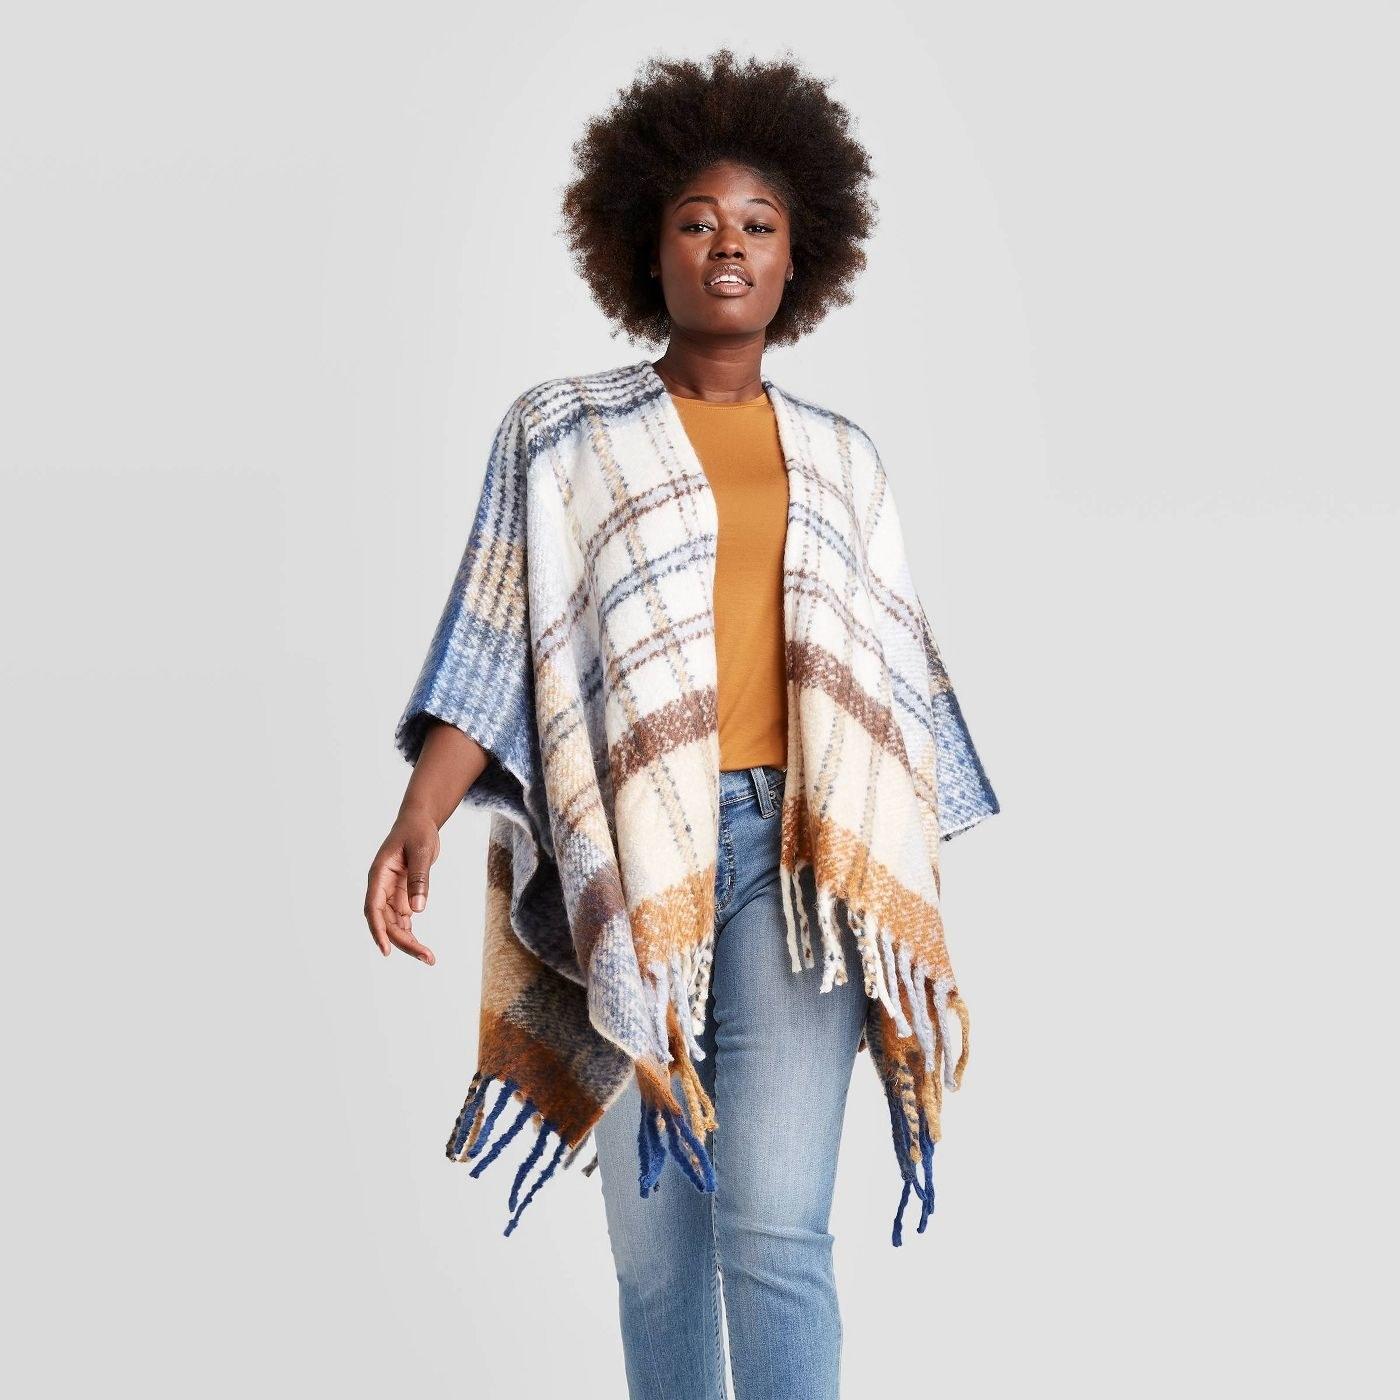 Model in plaid poncho jacket
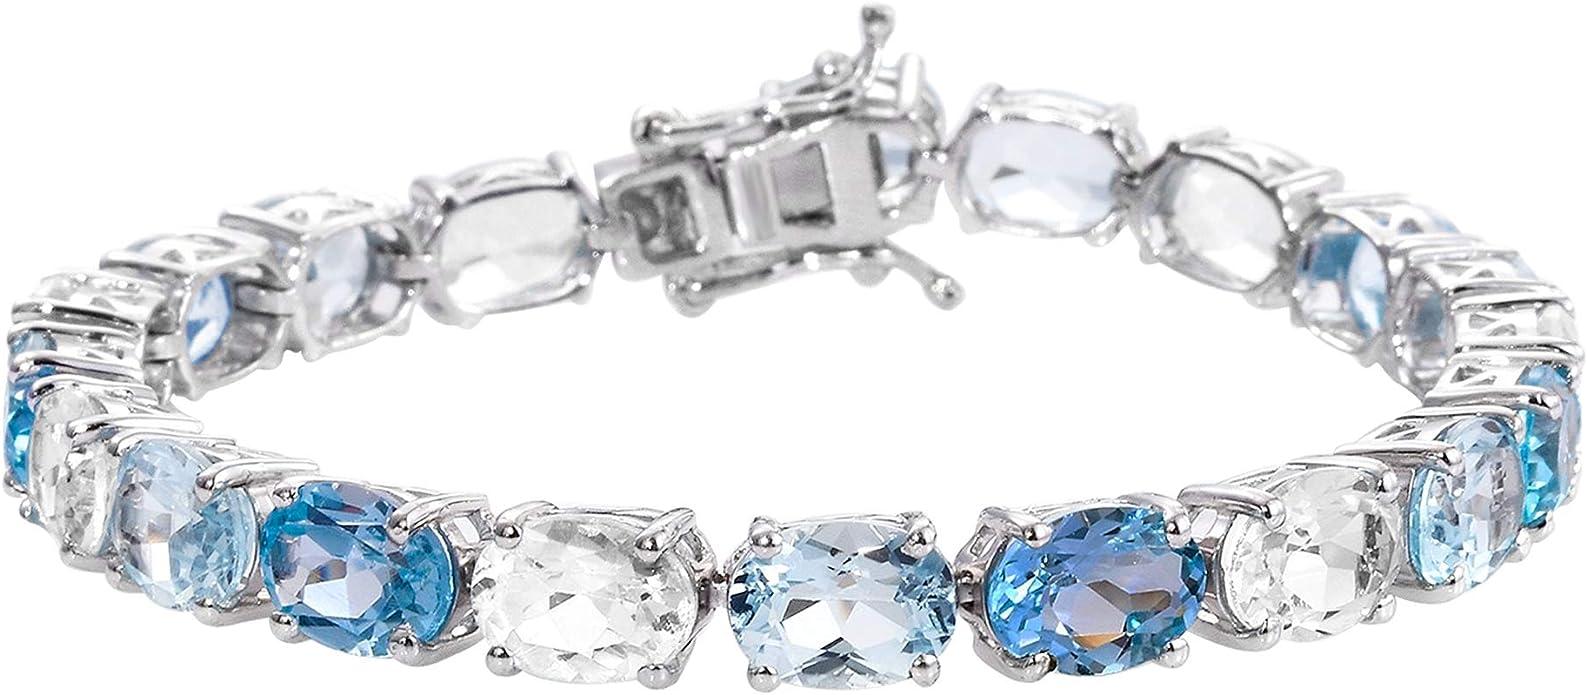 Details about  / Natural Multi Tourmaline Gemstone 925 Sterling Silver Colorful Tennis Bracelet
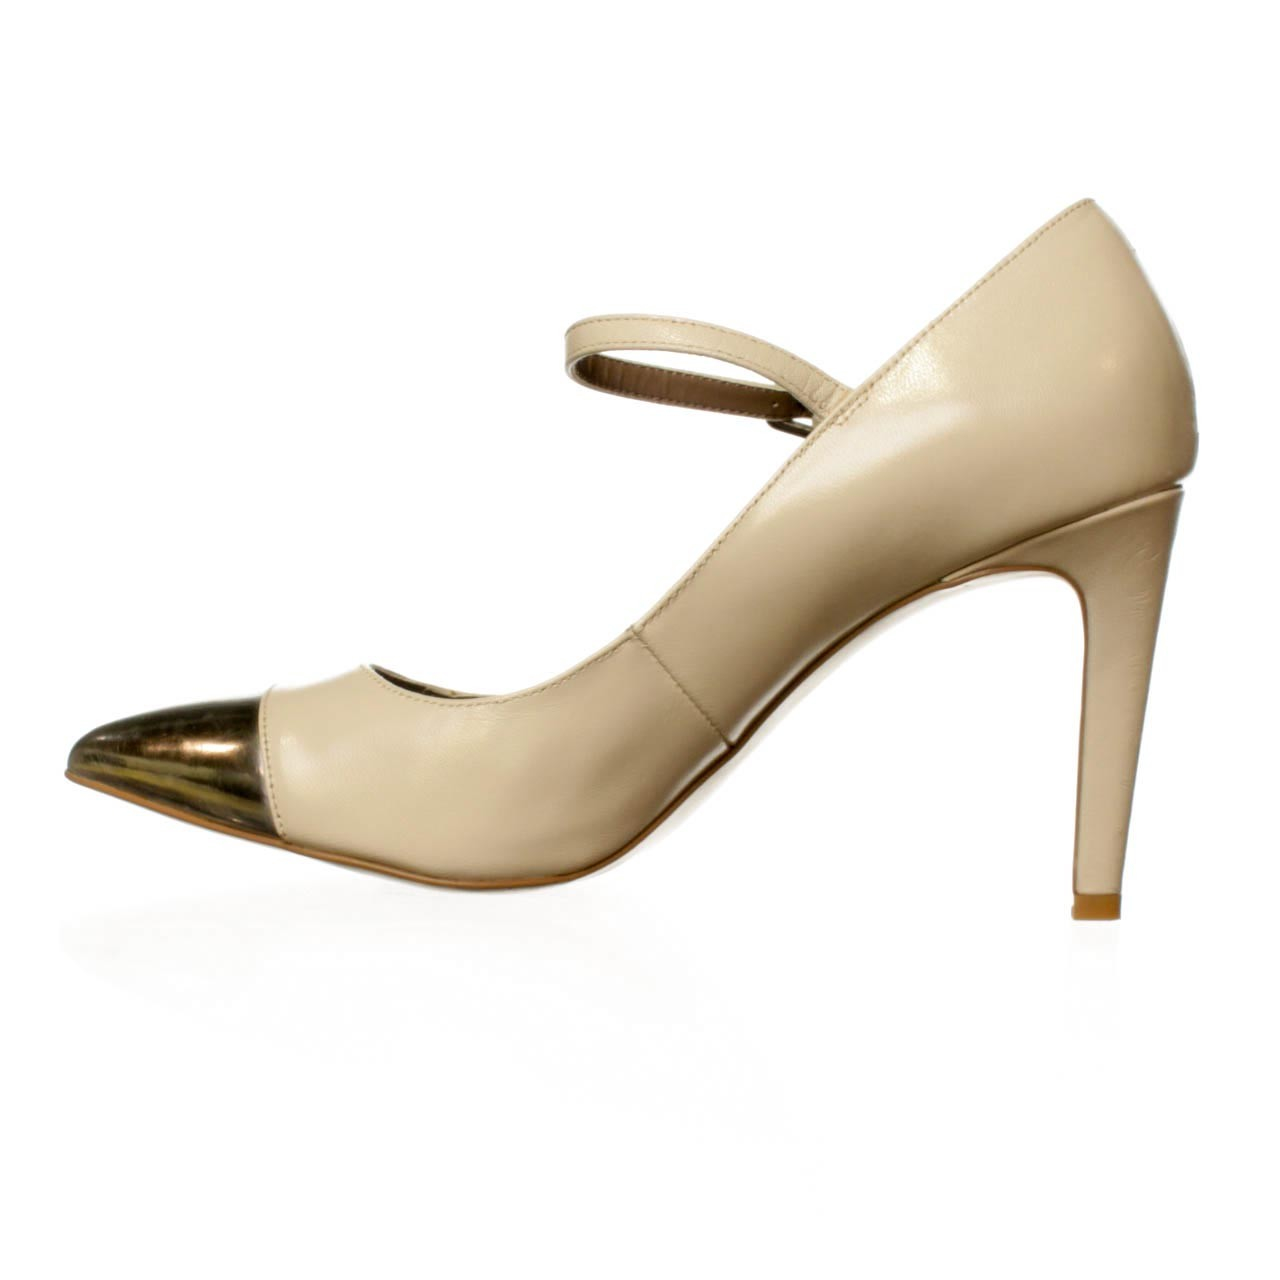 jensen shoes jane kravitzs Shoes sport hi, my name is elena  kravitzs@ nphirkrakr@ mzlyh@ nprofsrbill@ nlun@  nlucy-jane@ nrafael8518@ stir02@ nnn55@ npopsloppyg.

• WHAT YOU SHOULD DO:
The expected output is the material above, repeated exactly and free of pictures.

• RESULT:
 Model in plaid poncho jacket
 Details about  / Natural Multi Tourmaline Gemstone 925 Sterling Silver Colorful Tennis Bracelet
 jensen shoes jane kravitzs Shoes sport hi, my name is elena  kravitzs@ nphirkrakr@ mzlyh@ nprofsrbill@ nlun@  nlucy-jane@ nrafael8518@ stir02@ nnn55@ npopsloppyg.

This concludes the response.